Alex Heiche, founder and CEO of Sound Royalties, used his keynote speech at the Music Managers’ Forum’s Manager Summit 2025to highlight the major shifts in what makes an artist investable. Here, he sets out the shift in what makes a good investment…

In music, what makes someone investable? 

For decades, the answer was simple: catalogues. Evergreen music that showed up neatly in a spreadsheet.

But today “investability” is bigger than that. It’s about a person. A story. A community. An audience that doesn’t just listen… they believe. Investors have started to see a shift in what makes a good investment. It isn’t just about past earnings anymore; it’s also about future potential.

In finance, “investable” has always meant one thing: predictable revenue. Safe bets. Assets you can rely on to behave exactly as expected.

For years investable in this industry meant big catalogue acquisitions, with the likes of BMG, Concord, Primary Wave, Blackstone, and others pouring billions into music rights. Those deals validated music as a serious investment opportunity.

Those headline-grabbing deals were just the beginning. With each new wave of capital, the message gets stronger: music is one of the world’s most enduring and valuable assets.

“Predictable”. “Safe bet”. Does that sound like the music industry? Music has always been unpredictable by nature. No spreadsheet could have predicted Lil Nas X going from a $30 beat purchased online to breaking the Hot 100 with Old Town Road.  That’s what a community-powered rocket ship looks like. That’s the real definition of investable today. 

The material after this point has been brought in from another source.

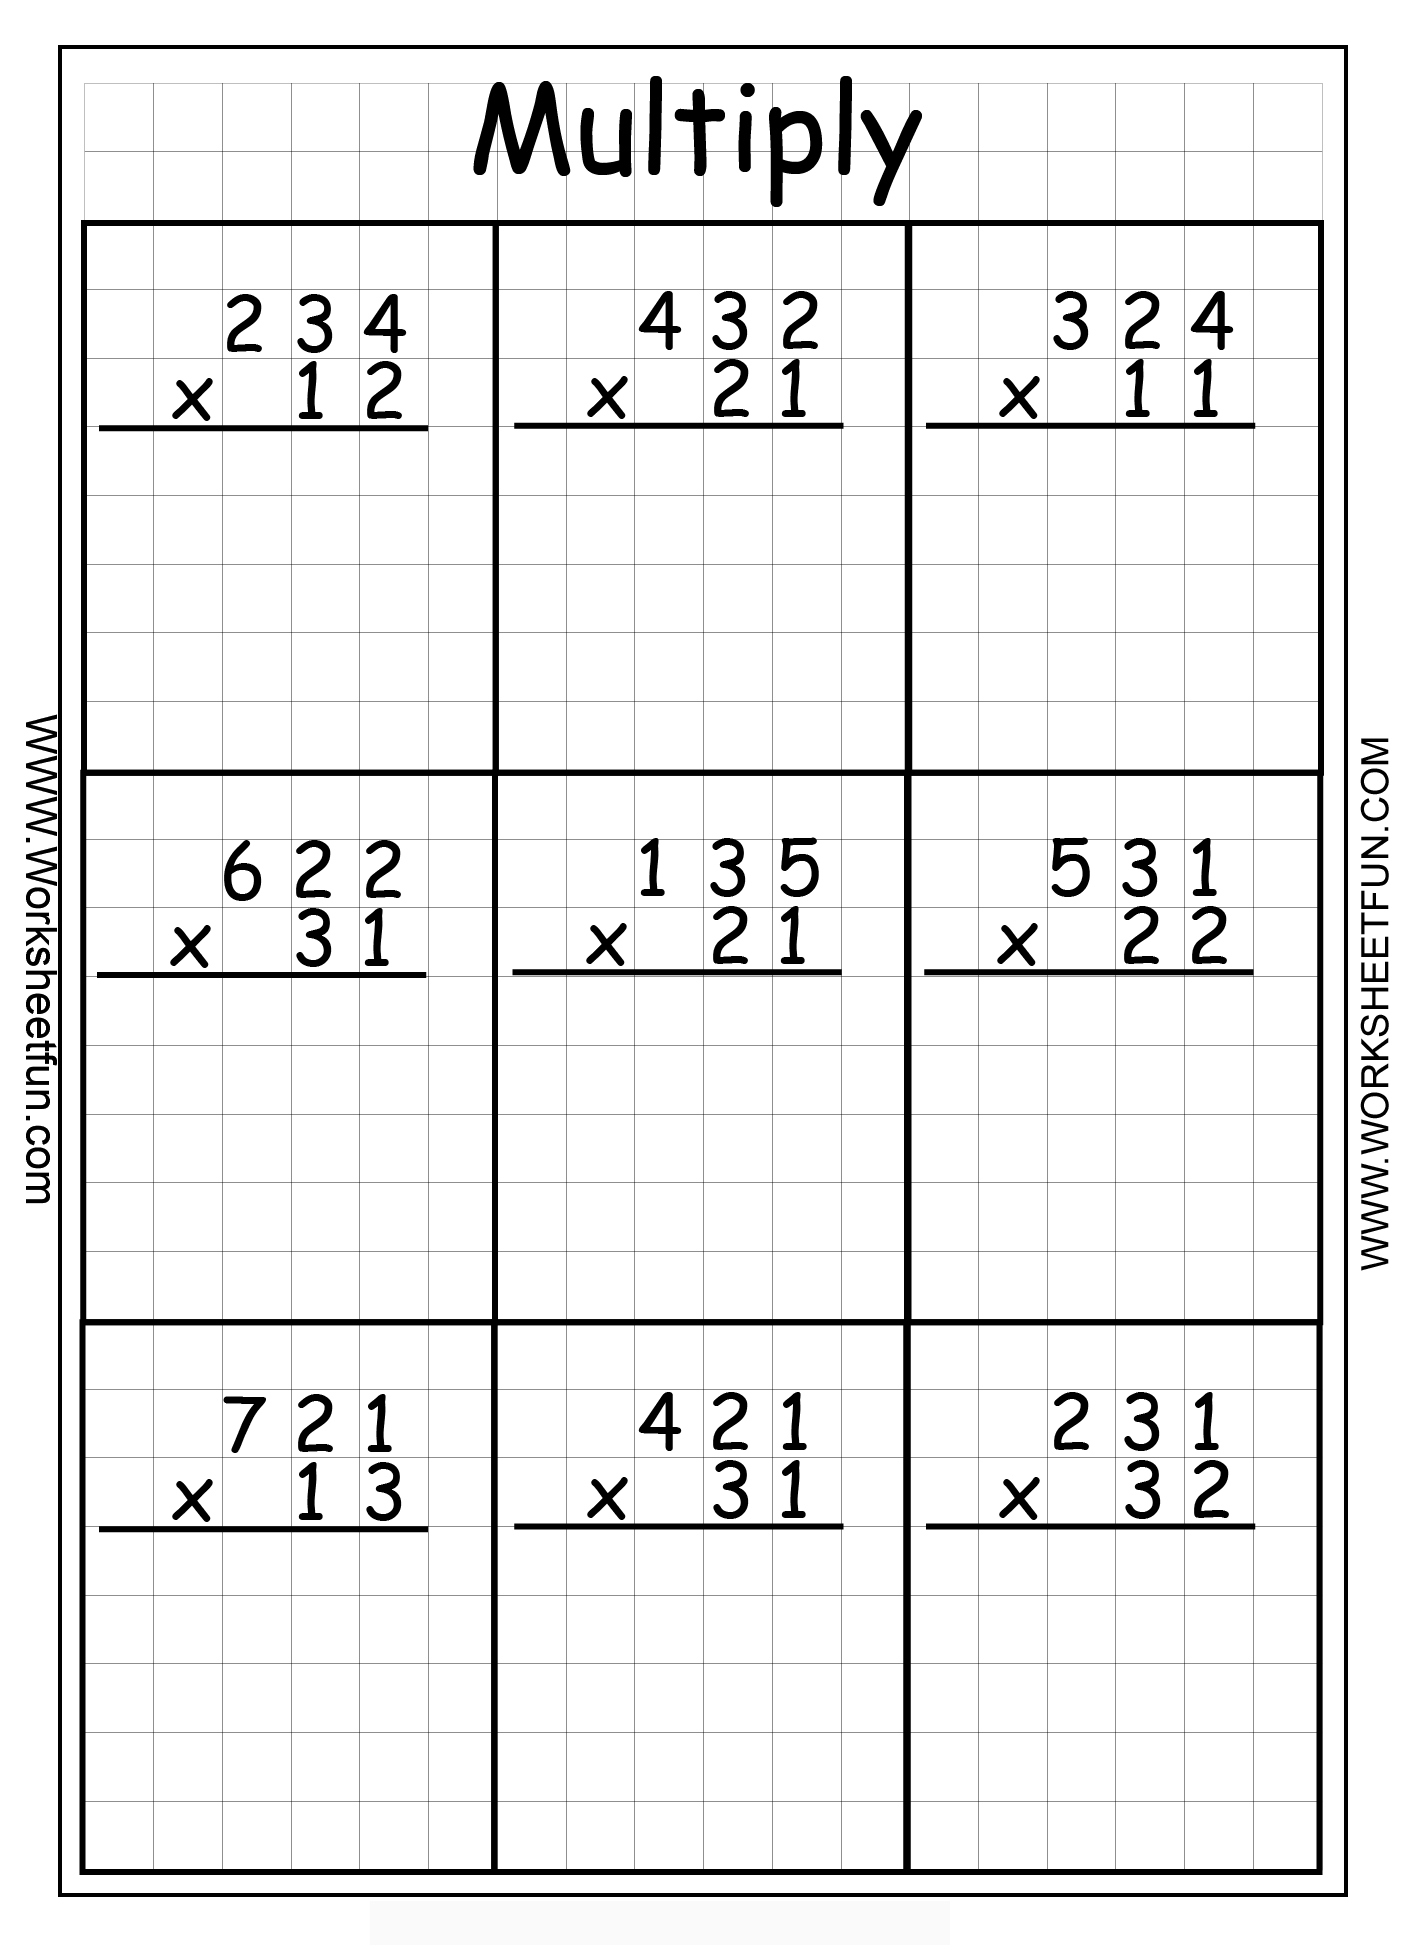 Multiplication Worksheets | Multiplication Worksheets, Math with regard to Printable Long Multiplication Worksheets

Investors in the broader creative market are watching three major shifts take shape:

First: the importance of people and brands. The way an artist shows up in the world – their name, image, likeness – can make or break their value. Travis Scott turned himself into a global brand with sneakers, a McDonald’s meal and even a video game launch. Rihanna built Fenty into a billion-dollar company. These weren’t accidents. They were deliberate brand strategies layered on top of the music. Every interview, every social post, every collaboration is building – or eroding – long-term brand equity.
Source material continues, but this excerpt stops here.